Malgré la virulence de la pandémie, les masques toujours facultatifs dans la rue au Royaume-Uni


Londres, Royaume-Uni | AFP | mardi 12/01/2021 - Entre les étals du Borough Market, au coeur de Londres, les clients comparent les meules de comté un masque sur le nez. Une scène presque insolite au Royaume-Uni, où le masque reste facultatif dans l'espace public malgré la virulence de la pandémie.

Dans le pays comptant le plus grand nombre de morts du Covid-19 en Europe (82.000) et confronté à un variant considéré comme étant jusqu'à 70% plus contagieux, peu de gens portent un masque dans la rue. Certains rechignent même à le sortir dans les transports en commun ou les magasins, où il a été pourtant rendu obligatoire après de longues hésitations après la première vague.

Le Borough Market, un marché en plein air prisé des touristes et des Londoniens, impose lui le port du masque depuis lundi.

C'est le premier lieu public à le rendre légalement obligatoire, grâce aux règlements spécifiques du marché qui datent d'avant l'ère victorienne. Vendeurs comme clients doivent se couvrir le visage sous peine d'une amende de 50 livres (56 euros).

"Nous tenons à nous assurer que notre marché reste ouvert en toute sécurité", explique à l'AFP Kate Howell, directrice du développement du marché, qui déplore les "messages peu clairs de la part du gouvernement".

Les clients, peu nombreux en ces temps de confinement à déambuler parmi les étals proposant de la viande de chevreuil, des fruits de mer ou des viennoiseries, se plient volontiers à la règle.
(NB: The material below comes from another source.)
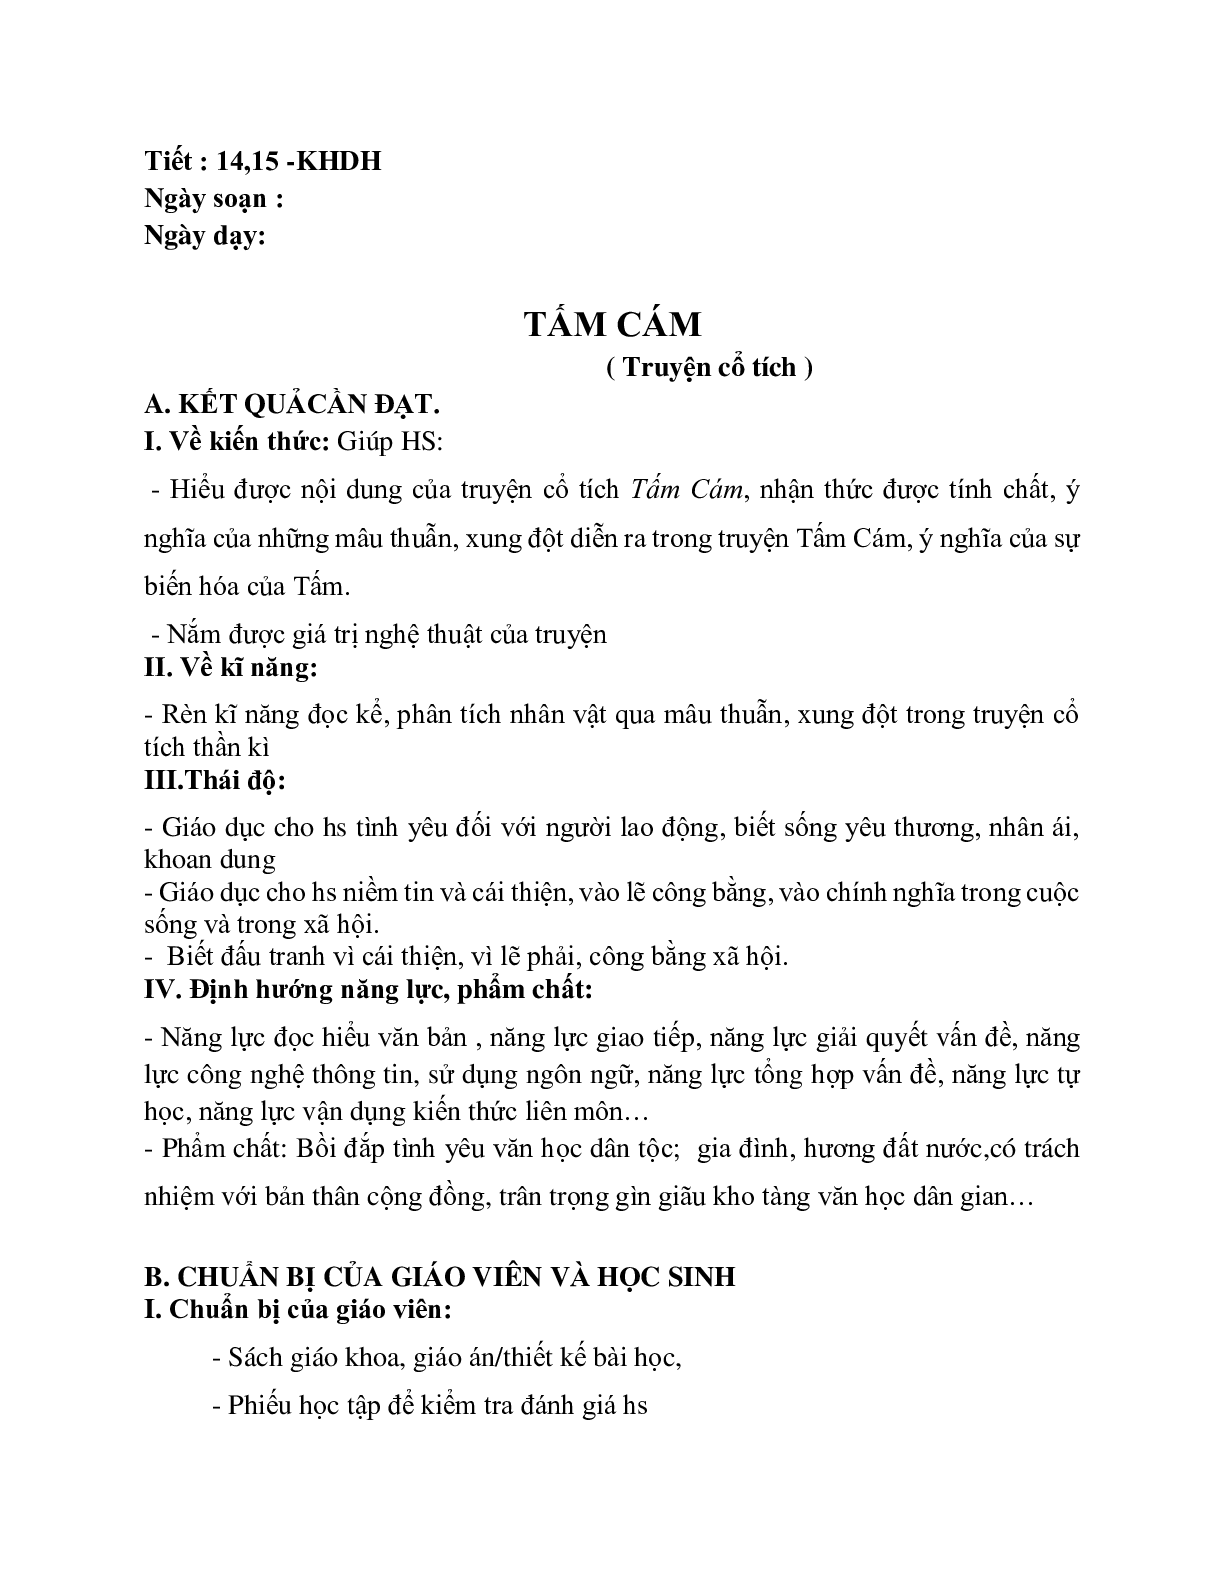 Giáo án ngữ văn lớp 10 Tiết 14, 15: Tấm Cám (trang 1)

Même s'il doute de l'efficacité du masque, Patrick, la cinquantaine, joue le jeu: "C'est très important que notre marché survive car on y trouve des produits que l'on ne peut pas acheter en supermarché", dit-il, après avoir acheté du Langres dans une fromagerie. 

Rassurer les clients 

Graham Teale, propriétaire de The Turkish Deli, porte le masque depuis février et espère que sa généralisation rassurera les amateurs d'olives et de houmous qui fréquentent son commerce logé sous la voie ferrée.

"A l'approche de Noël, il y avait pas mal de groupes de gens qui mangeaient et buvaient de l'alcool dans la rue. beaucoup de nos clients ne se sentaient pas à l'aise et ne voulaient pas venir", raconte-t-il.

Le gouvernement n'est pour l'instant pas favorable à la généralisation du masque à l'extérieur, déjà appliquée en Espagne, Italie et dans de nombreuses villes en France.

Chris Whitty, médecin chef pour l'Angleterre a cependant reconnu lsur la BBC qu'il y avait un "risque" de transmission du virus lorsque les gens font la queue à l'extérieur ou se massent autour d'un étal de marché. "Dans cette situation, il y aurait une certaine logique à penser à mettre un masque".

Mais la consigne reste surtout de limiter les interactions et d'appliquer plus strictement les règles déjà en vigueur après avoir donné la priorité à la pédagogie.

Plusieurs chaînes de supermarchés ont ainsi prévenu qu'elles allaient désormais refuser l'entrée aux clients non masqués.

"Une petite minorité de gens ne respectent pas les règles et cela coûte des vies", a déploré Kit Malthouse, le secrétaire d'Etat chargé de la Sécurité publique, prévenant qu'un durcissement des restrictions était envisagé.

Les scientifiques sont divisés sur l'utilité du masque dans l'espace public.

"Le risque de transmission de l'extérieur est nettement inférieur à celui de l'intérieur", estime Paul Hunter, professeur de médecine à la Norwich School of Medicine. Les masques "ne remplacent pas une bonne distance" entre les individus, et "sont inefficaces s'ils sont mouillés", notamment par la pluie, souligne-t-il.

Julian Tang, virologue à l'université de Leicester, considère pour sa part que les masques ont un rôle à jouer, en particulier en hiver quand l'"air plus froid avec moins de lumière du soleil aide ce coronavirus à survivre en aérosols", ces nuages de particules virales.

Il compare ces aérosols à la fumée d'une cigarette: "si vous faites la queue pour le bus et que quelqu'un fume, même si vous vous tenez à plus de deux mètres, si vous êtes en aval de cette fumée, vous pouvez toujours la sentir", souligne le professeur, recommandant ainsi le port du masque dans les files d'attente.